Note: If a format specification does not correspond to an entry in the library, an exception occurs. For example

RuntimeError detected: Unsupported tag = "%!!!d"

Formatting / Parsing Blocks

In the context of a formatting / parsing block, the "self" of that block is an instance of SpecInfo. The components of that object are:

When Formatting:

Attributes:

  • src - The object that is the source of the data (RO).
  • dst - A string that receives the formatted output (RO).
  • fmt - The format specification currently being processed (RW).
  • engine - The formatting engine. Mostly for access to the library (RO).
  • tmp - A utility hash so that the formatting process can retain state (RO).

Methods

  • cat - Append the string that follows to the formatted output. This is equivalent to the code dst << "string"

When Parsing:

Attributes:

  • src - A string that is the source of formatted input (RO).
  • dst - The class of the object being created (RO).
  • fmt - The parse specification currently being processed (RW).
  • engine - The parsing engine. Mostly for access to the library (RO).
  • tmp - A utility hash so that the parsing process can retain state (RO).

Methods

  • set - Set the return value of the parsing operation to the value that follows.
  • parse - Look for the string or regex parm that follows. Return the data found or nil.
  • parse! - Like parse but raises an exception (with optional msg) if not found.
  • grab - Grab some text based on the width of the format.
  • found? - Did the last parse succeed?
  • found - The text found by the last parse (or parse!) operation.

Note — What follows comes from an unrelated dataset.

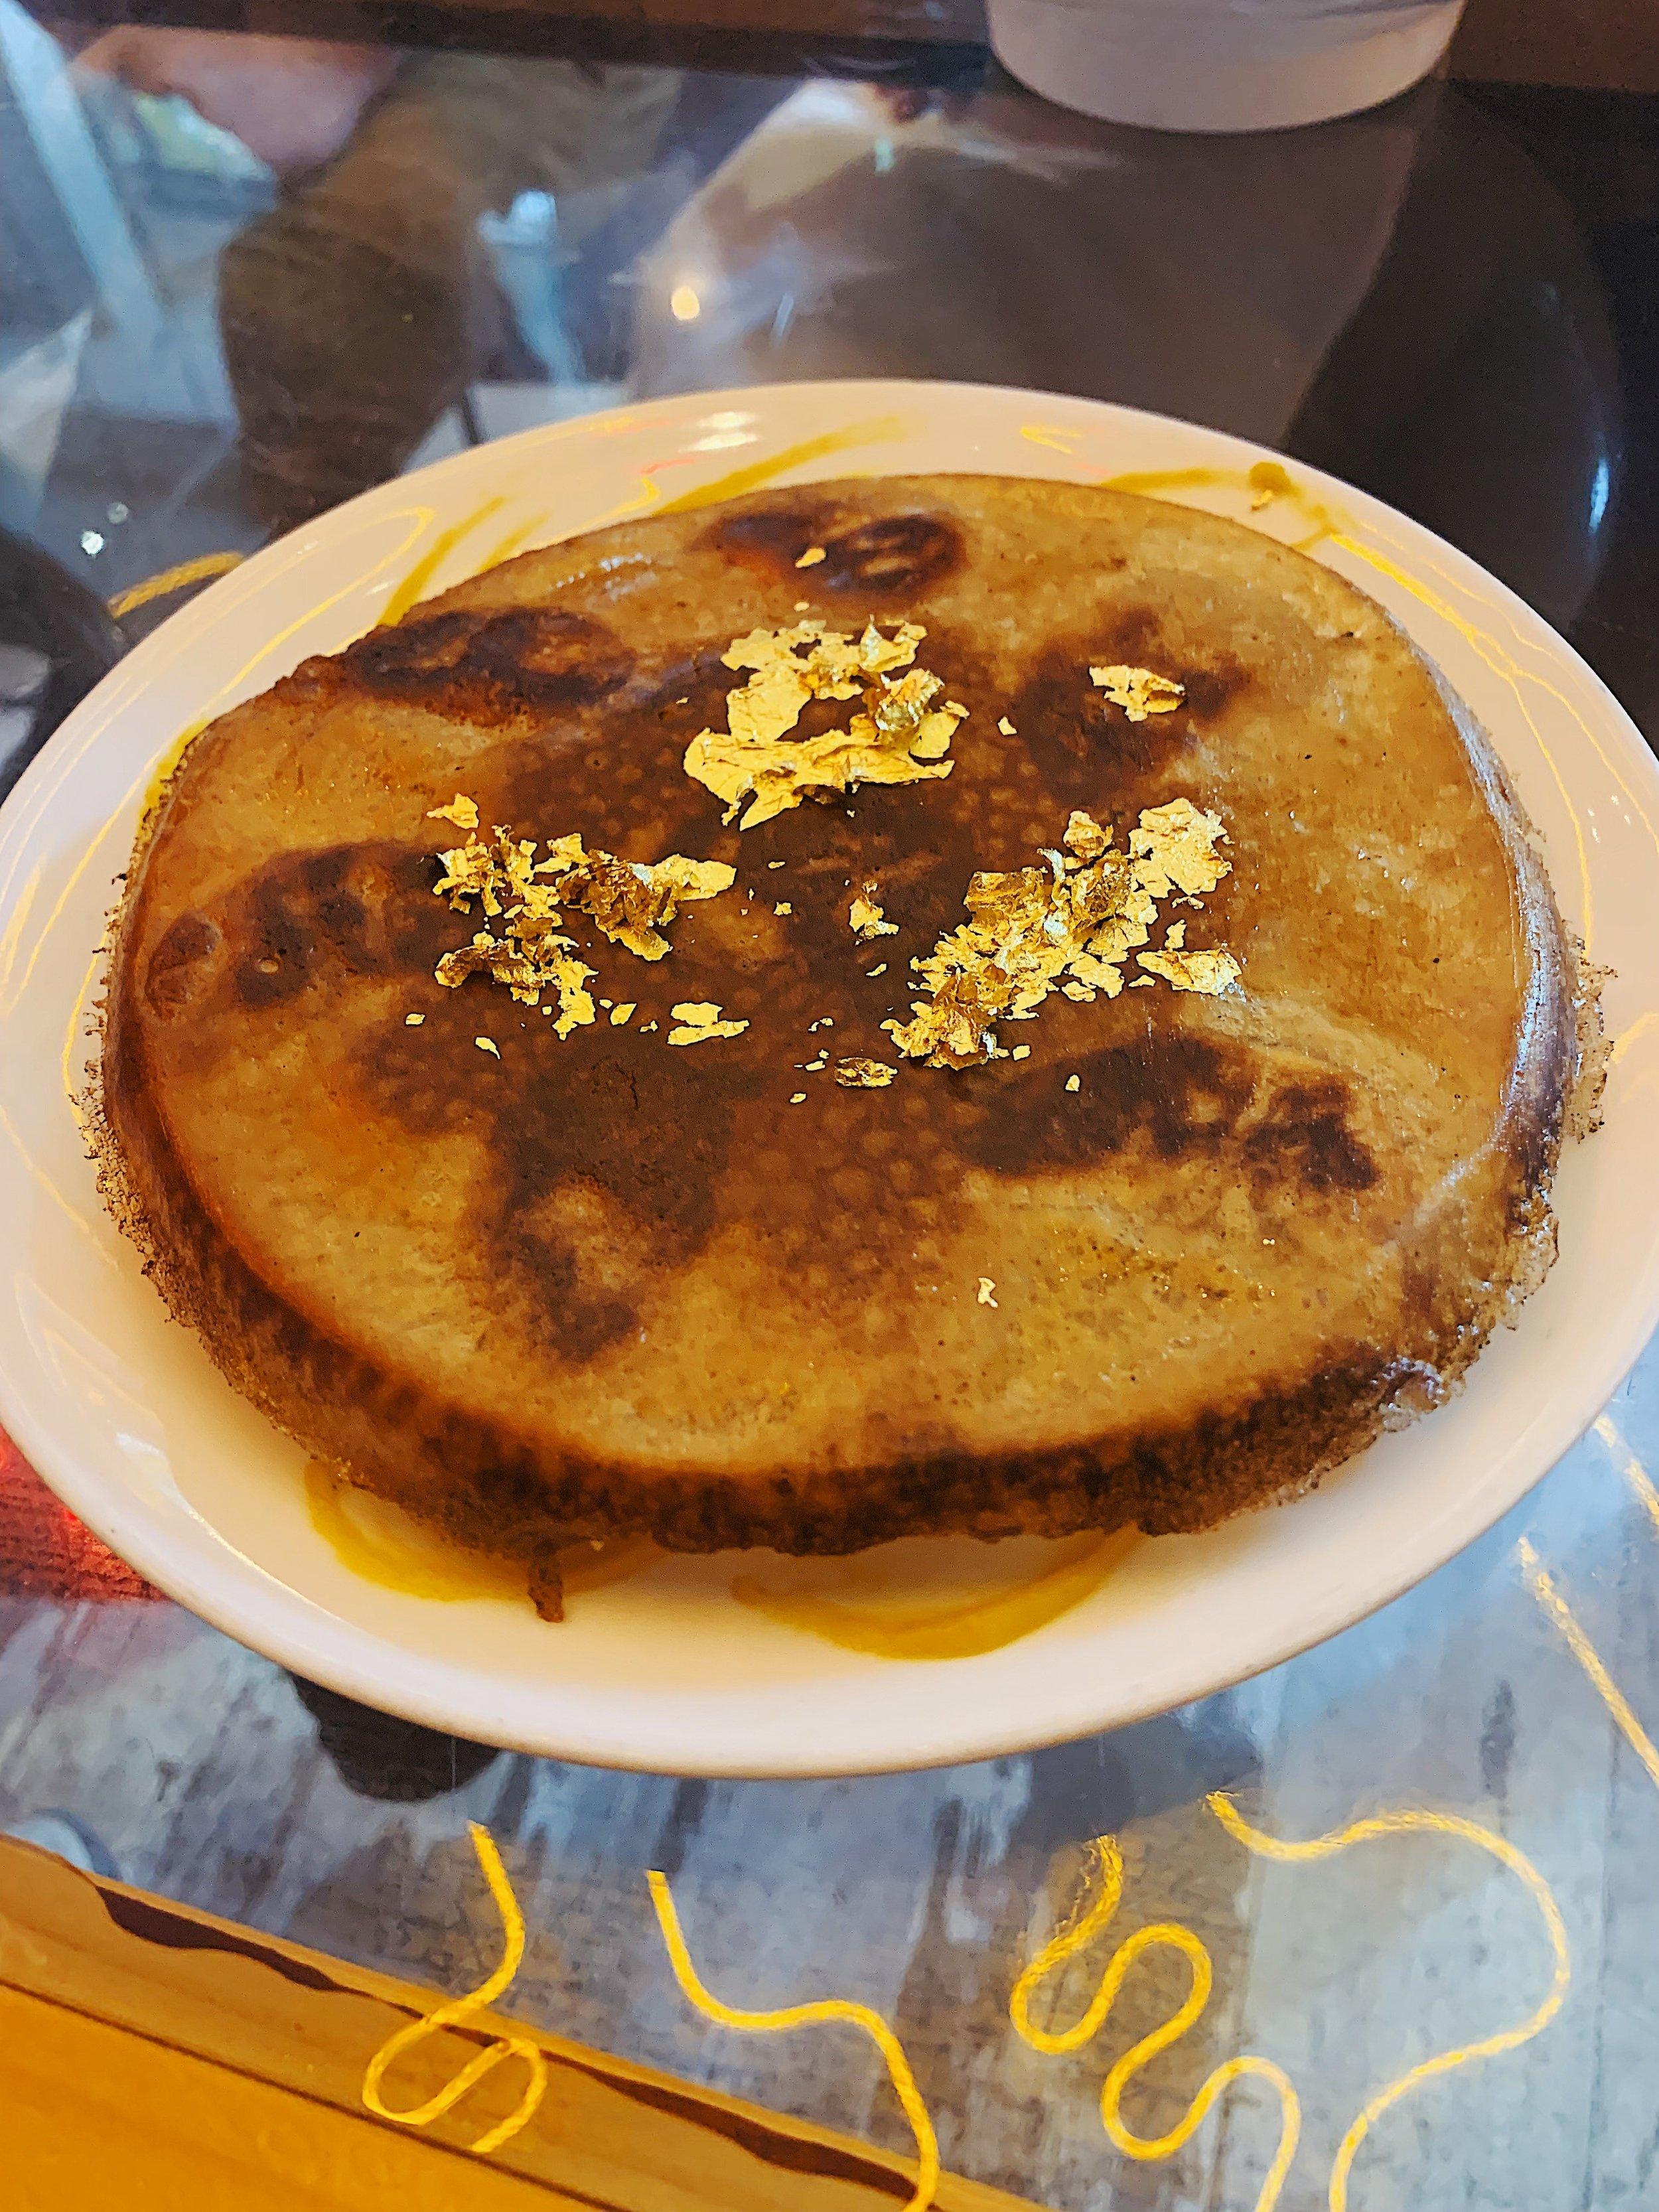 Pegao Norteño; Lamb pot sticker, aderezo norteño, crispy cumin lace, gold flake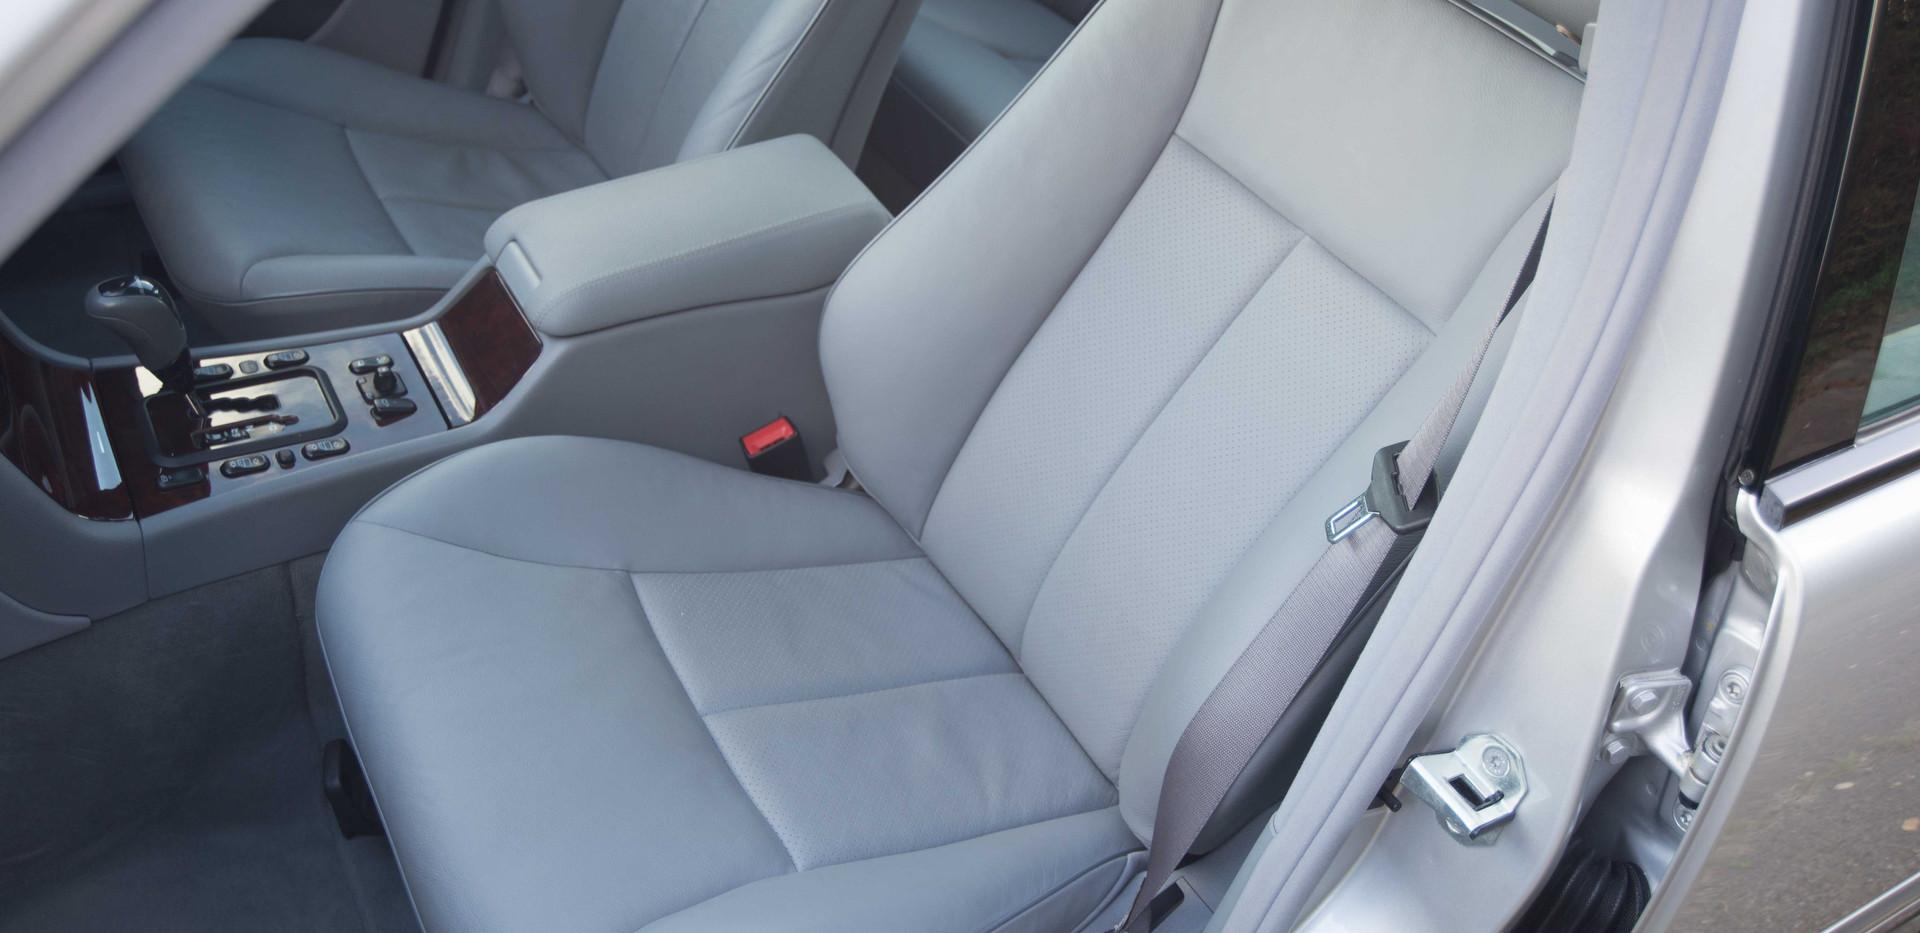 Mercedes E240 For Sale UK London  (66 of

Variable Format Specifier Attributes

The format specifier, used in both formatting and parsing and accessed as the fmt attribute, has itself, the following attributes:

  • has_width? - Was a width specified?
  • width - The width parameter or 0 if not specified.
  • width_str - The actual width text or an empty string.
  • has_prec? - Was a precision specified?
  • prec - The precision parameter or 0 if not specified.
  • prec_str - The actual precision text or an empty string.
  • parm_str - The actual parameter (width and precision) text or an empty string.

Set and Regex Format Specifier Attributes

  • width - Always 0.
  • regex - The internal regex compiled for this specification

Contributing

Plan A

  1. Fork it ( https://github.com/PeterCamilleri/format_engine/fork )
  2. Create your feature branch (git checkout -b my-new-feature)
  3. Commit your changes (git commit -am 'Add some feature')
  4. Push to the branch (git push origin my-new-feature)
  5. Create a new Pull Request

Plan B

Go to the GitHub repository and raise an issue calling attention to some aspect that could use some TLC or a suggestion or idea.

License

The gem is available as open source under the terms of the MIT License.

Code of Conduct

Everyone interacting in the fully_freeze project’s codebases, issue trackers, chat rooms and mailing lists is expected to follow the code of conduct.